Passiamo a prenderti

Questa bellissima storia dimostra che l'industria italiana non ha certo paura del moloch cinese, anzi. L'Iveco-Fiat, nel 2001, mise in piedi una joint venture italo-cinese per produrre dei furgoni Iveco Daily da vendersi a 400.000 yuan, circa 40.000 euro. Il problema è che i furgoni vennero acquistati perlopiù da tribunali cinesi che presero a trasformarli in cosiddette camere mobili di esecuzione: camioncini usi a raggiungere direttamente il luogo delle condanne a morte (10mila all'anno, in Cina) affinché il malcapitato venisse legato a un lettino di metallo e poi siringato letalmente, il tutto controllato da un monitor posto accanto al posto di guida prima di ripartire per la tournée. Amnesty international, nel dicembre del 2003, decise di scrivere alla Fiat per dissuaderla dalla funerea produzione, ma gli risposero che non erano in grado di verificare l’uso dei propri veicoli da parte dell’acquirente e insomma nisba. Ma i diritti umani alla fine trionfano sempre.

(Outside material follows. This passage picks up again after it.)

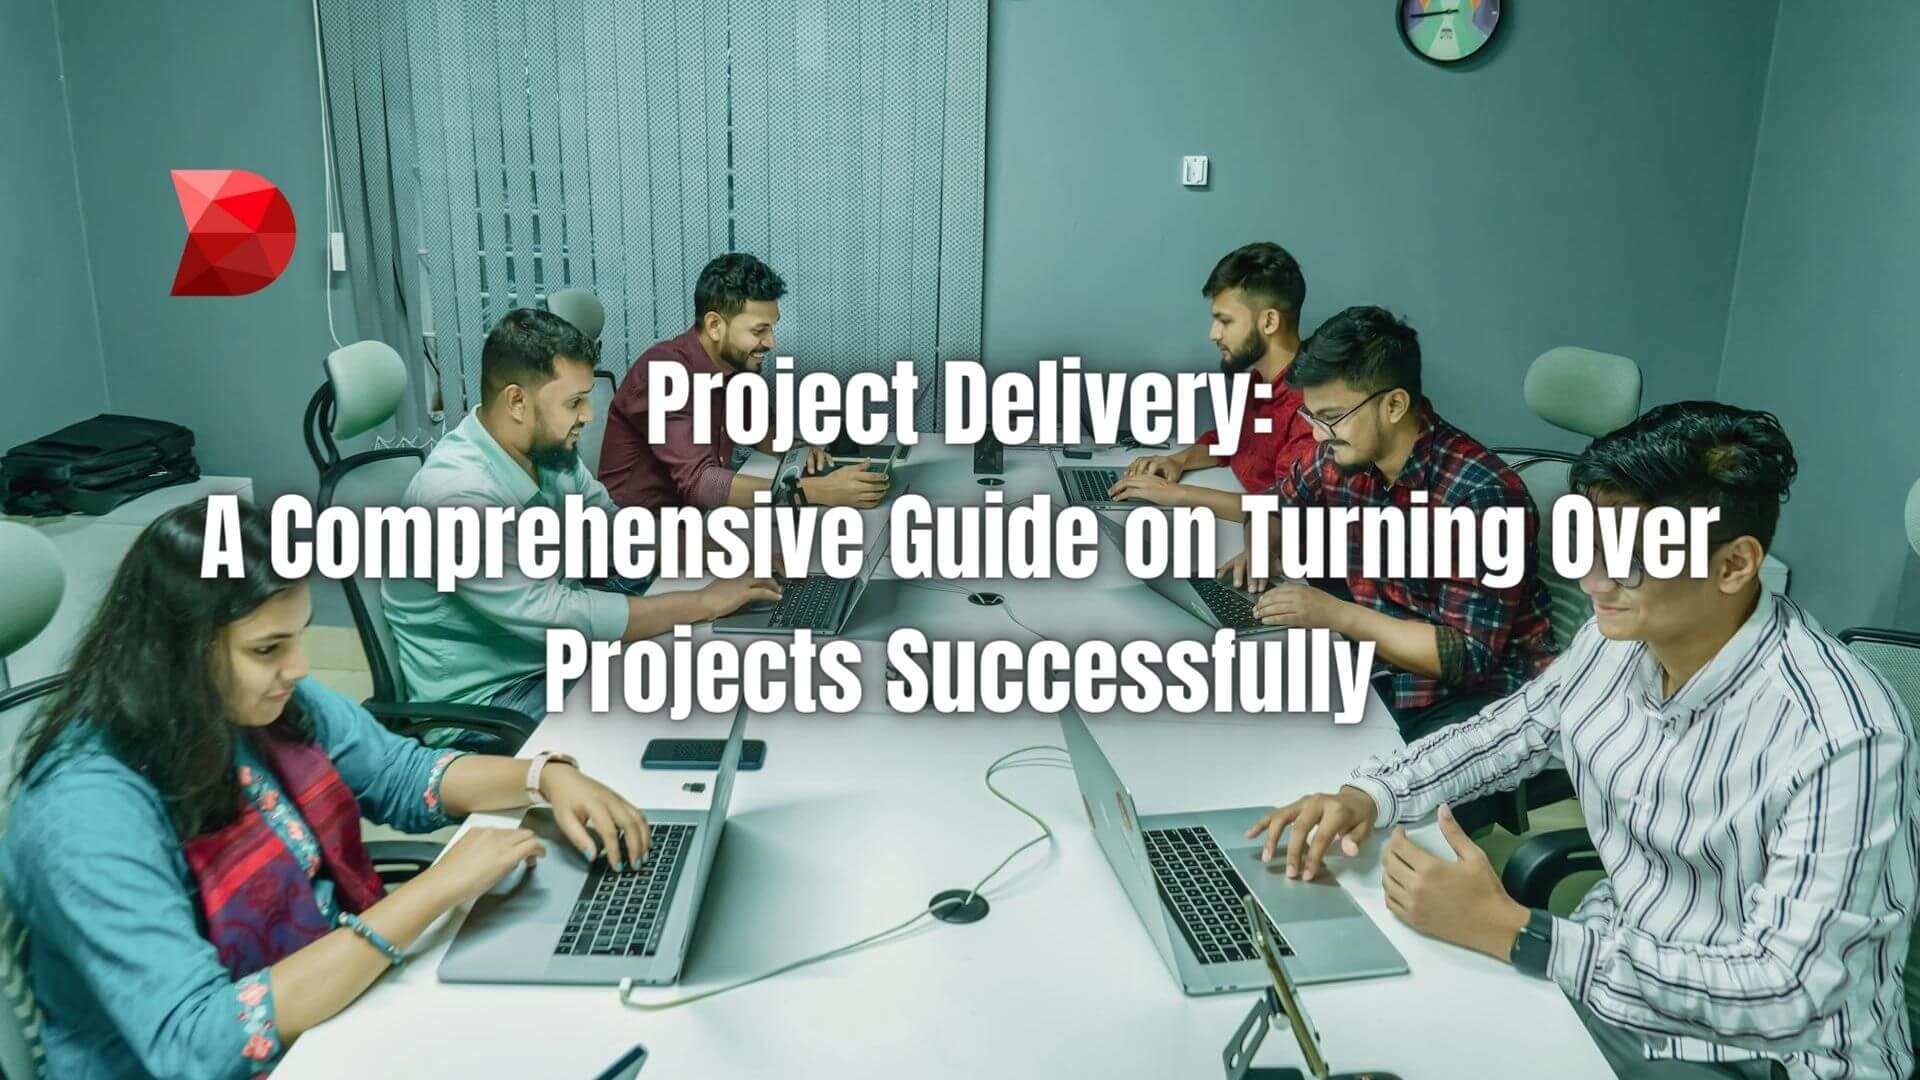 Unlock the secrets to successful project delivery with our guide. Turn over projects flawlessly with expert insights and techniques.

Nell'agosto scorso, infatti, l'Iveco ha trovato il pretesto per potersi sfilare dall'imbarazzante travaglio etico e ha finalmente bloccato la produzione dei veicoli. Per non offendere le autorità cinesi, come scusa, l'azienda si è limitata a rilevare che dalle sue casse mancavano 12 milioni di euro (122 milioni di yuan) per i quali purtroppo ha dovuto denunciare il partner cinese, ma sono formalità. Cosa non ci s'inventa per far trionfare i diritti umani.